His declamations or set speeches are commonly cold and weak, for his power was the power of nature; when he endeavoured, like other tragick writers, to catch opportunities of amplification, and instead of inquiring what the occasion demanded, to show how much his stores of knowledge could supply, he seldom escapes without the pity or resentment of his reader.
It is incident to him to be now and then entangled with an unwieldy sentiment, which he cannot well express, and will not reject; he struggles with it a while, and if it continues stubborn, comprises it in words such as occur, and leaves it to be disentangled and evolved by those who have more leisure to bestow upon it.
Not that always where the language is intricate the thought is subtle, or the image always great where the line is bulky; the equality of words to things is very often neglected, and trivial sentiments and vulgar ideas disappoint the attention, to which they are recommended by sonorous epithets and swelling figures.
But the admirers of this great poet have never less reason to indulge their hopes of supreme excellence, than when he seems fully resolved to sink them in dejection, and mollify them with tender emotions by the fall of greatness, the danger of innocence, or the crosses of love.

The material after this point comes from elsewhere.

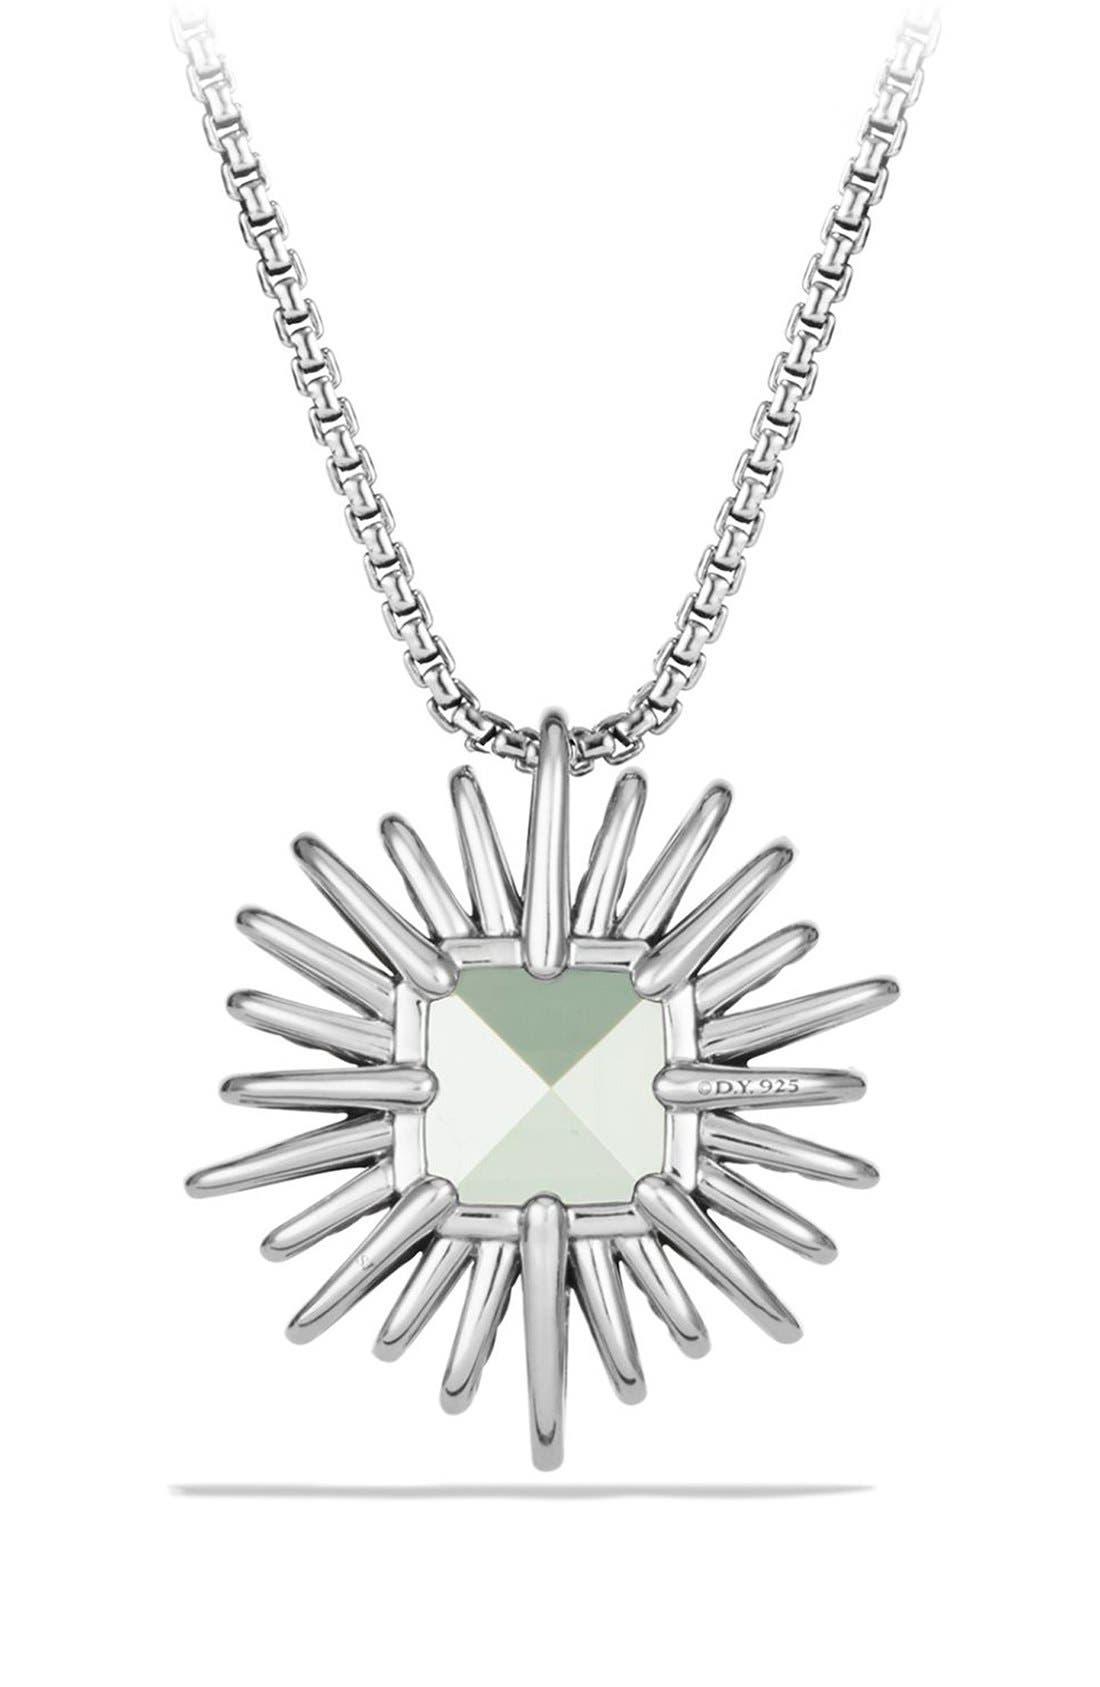 'Starburst' Necklace with Diamonds in Silver,                             Alternate thumbnail 3, color,                             PRASIOLITE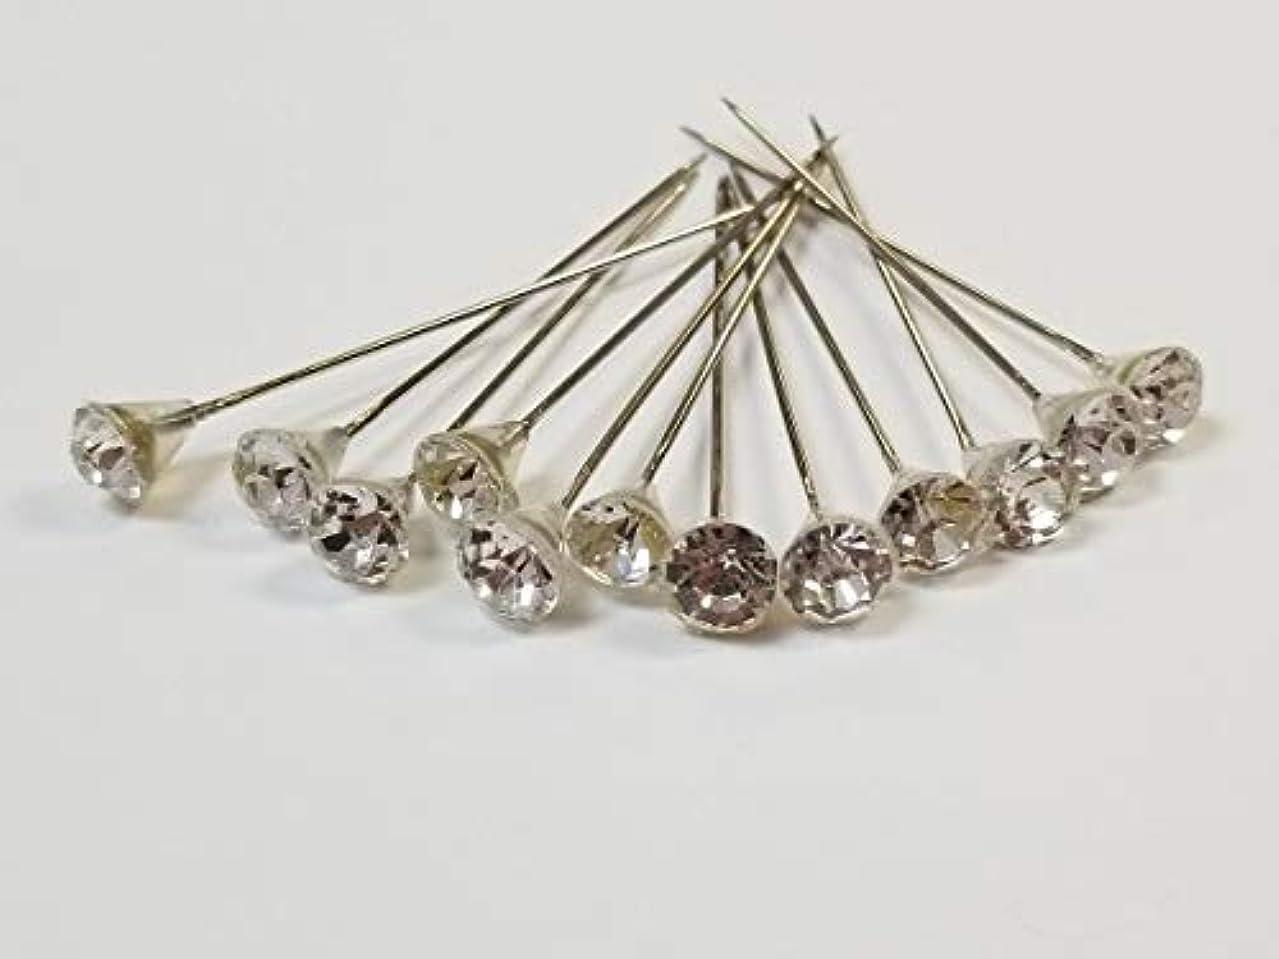 Corsage Pins - Rhinestone Corsage Pin - Crystal

He is not long soft and pathetick without some idle conceit, or contemptible equivocation.

He no sooner begins to move, than he counteracts himself; and terrour and pity, as they are rising in the mind, are checked and blasted by sudden frigidity.
A quibble is to _Shakespeare_, what luminous vapours are to the traveller; he follows it at all adventures; it is sure to lead him out of his way, and sure to engulf him in the mire.

It has some malignant power over his mind, and its fascinations are irresistible.

Whatever be the dignity or profundity of his disquisition, whether he be enlarging knowledge or exalting affection, whether he be amusing attention with incidents, or enchaining it in suspense, let but a quibble spring up before him, and he leaves his work unfinished.